3.2. Biological Significance of Features Related to Group Size

All 163 samples from the RF dataset (Figure 4) were subjected to PLS-PM analysis to identify features capable of explaining the variation in the two response features (Klepto NUM and Klepto Y/N). In the inner model, (1) resource size (T = 2.590, p = 0.010) and microclimate (T = 3.230, p = 0.001) were both significantly correlated with Klepto Y/N (Figure 4a). For the outer model of each latent feature, the weight of WA was > 0.7 (weight = 0.713) with resource size, and the weight of WHG was > 0.7 (weight = 0.720) with microclimate (Figure 4a). (2) Resource size (T = 6.890, p = 0.000) was significantly correlated with Klepto NUM. The weight of WA was > 0.7 (weight = 0.775) with resource size (Figure 4b). The PLS-PM results revealed that resource size was significantly correlated with Klepto NUM and Klepto Y/N. Furthermore, the microclimate of the web was significantly correlated with Klepto Y/N.

The results of RF ranking matched those obtained using PLS-PM (Figure 5). In the predictive results for Klepto Y/N (Figure 5a), Min D Klepto, WHG, and BLH led to a > 20% increase in MSE the original data were randomized. In the predictive results of Klepto NUM (Figure 5b), WA and BLH led to a > 20% increase in MSE the original data were randomized. The results of RF ranking revealed that the microclimate (height of the web), resource size (area size and host size), and density of competitors (minimum distance to the kleptoparasites in another web) may also affect the occurrence and group size of kleptoparasites.

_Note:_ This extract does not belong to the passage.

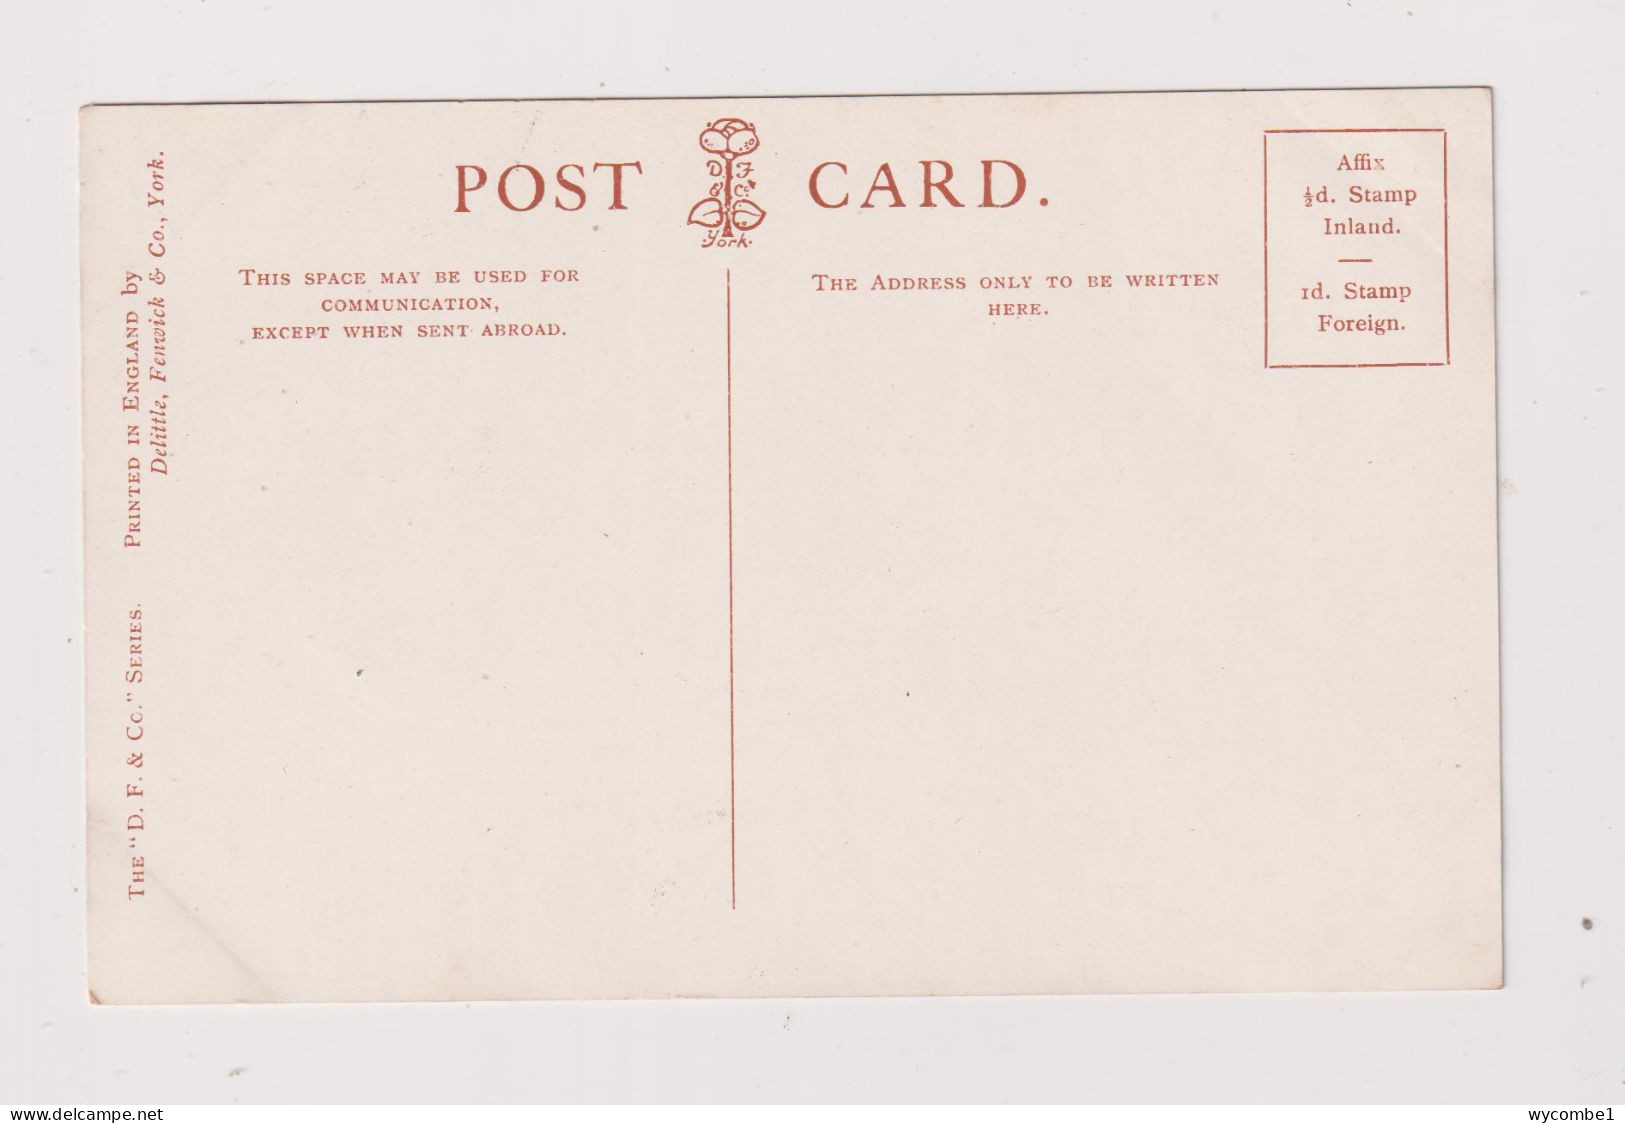 ENGLAND - Birmingham Highbury Chamberlains Residence The Hall Unused Vintage Postcard - Birmingham

The IFD test showed that the mean slopes of the bootstrapped per-capita web area (cm², area/individual), which represents the resource area that an individual can occupy, are less than the prediction of IFD. This pattern was observed in the RAW dataset (Figure 6a) as well as the RF imputed dataset (Figure 6b), regardless of bootstrapping. The mean slopes obtained from the bootstrapped data were significantly smaller (p < 0.001 for most of the resampling) than the slopes predicted under the IFD theory.

4. Discussion

The prediction and modelling of foraging group size is an important aspect of the theories related to foraging [34]. In this study, the feature with the most pronounced effect on foraging group sizes was resource size (Figure 5). The dispersion of kleptoparasites did not conform to the predictions of the IFD theory, in which overloading is expected in some resource patches (Figure 6). Note that the presence of kleptoparasites depended on resource size, as well as the density of neighboring competitors, and environmental conditions (humidity and elevation of the web above the ground). Moreover, the proposed data imputation method using the RF approach could be of considerable benefit to field ecologists examining the relationship between population dispersion and environmental factors.

Our results are in line with those of previous studies, indicating that the host area is crucial to the size of kleptoparasite groups [11,13]. The positive correlation between host areas and group sizes has previously been cited as evidence that the dispersion of kleptoparasites follows IFD [11,13]; however, our results revealed a smaller per-capita resource occupation scenario. The case study of kleptoparasitic spiders conforms to a continuous-input IFD model [35,36] because the host webs have a constant influx of prey, which is rapidly consumed by kleptoparasites or the host. It has been proposed that the group size in a resource patch can be predicted by the size of the resource (or “dispersion economy”) [2]. The deviation from IFD in our case study could be attributed to free access to other resource patches. This indicates that access to other resources could be used as an additional criterion for IFD [35,36]. In this study, the overloading of some resource patches (smaller per-capita resources than expected) showed evidence of impeded dispersal among webs or lower within-group competition. Impeded dispersal would lead to the depletion of resources as the group size increases; the reduction in competition could be attributed to the high conspecific tolerance of A. miniaceus [9].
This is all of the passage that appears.